Brutal farmers make Indian land grab
The peoples of Raposa-Serra do Sol are under attack from violent farmers.
Vicious attacks have shaken their communities as the state government refuses to uphold the law.
![]() |
| Makuxi wearing traditional paishara costumes. © 1996 Fiona Watson/Survival |
The Makuxi, Wapixana, Ingarikó, Taurepang and Patamona peoples inhabit a land called Raposa-Serra do Sol (Land of the Fox and Mountain of the Sun) in the north of Brazil, on the border with Venezuela and Guyana.
It is a spectacularly beautiful region of mountains, tropical forest, savanna, rivers and waterfalls.

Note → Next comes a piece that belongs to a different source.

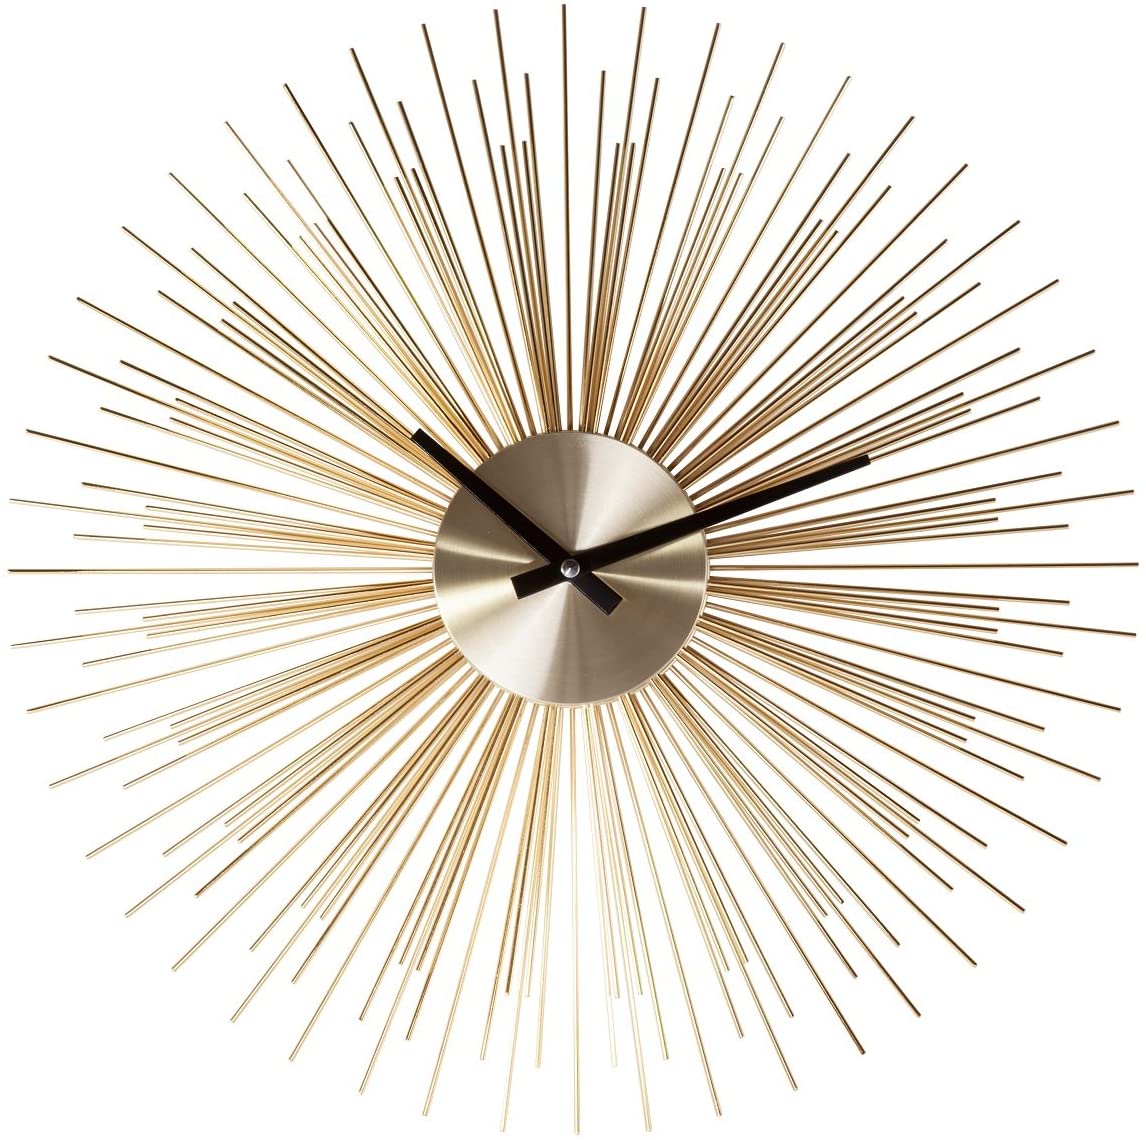 Stilnovo G133719GOLD Urchin Clock-Gold, Pack of 1

The territory is about 1.7 million hectares and is home to approximately 18,000 – 20,000 Indians.
Despite having had contact with outsiders for over two centuries, the Indians maintain their languages and customs.
Many communities run their own education and health projects and have set up several organisations to defend their rights and help run their projects.
After years of campaigning led by the Indigenous Council of Roraima (CIR), Survival and many NGOs in Brazil and elsewhere, Raposa-Serra do Sol was signed into law by President Luis Inácio Lula da Silva on 15 April 2005.
There was much jubilation at this milestone as the territory had been the object of a sustained and violent campaign by local ranchers and settlers to stop the Indians winning it back.
In the last three decades over twenty Indians have been killed and hundreds injured during the Indians’ tireless struggle to reclaim their ancestral land.
A group of rice farmers, supported by local politicians, waged a war on the Indians, using increasingly violent tactics, shooting and wounding at least ten Indians, burning bridges to prevent Indians entering or leaving their land, and throwing a bomb into one community.
The government of Roraima state lodged a petition in Brazil’s Supreme Court contesting the federal government’s official recognition of the Raposa-Serra do Sol and demanding that it be reduced in size.
Nearly 20,000 Indians live there and rely on the land and rivers for their livelihood, yet the six farmers and local politicians claim that they are obstacles to the state’s development.
Finally, on 19th March 2009 in a landmark ruling, the majority of Supreme Court judges upheld the Indians’ rights to their land, saying it had been demarcated according to the constitution and that its size and borders should be maintained.
The judges also affirmed the importance of maintaining indigenous territories as single, continuous areas and stated that territories on Brazil’s borders do not pose a risk to national sovereignty.
Makuxi leader Jacir José de Souza of the Indigenous Council of Roraima (CIR) said ‘The land is our mother. We are happy that [our land] has been reclaimed and that the Supreme Court has vindicated indigenous people.’
‘Now we have the right to fish in our rivers once more without fear of being shot at by the farmers’ gunmen,’ said another Makuxi leader.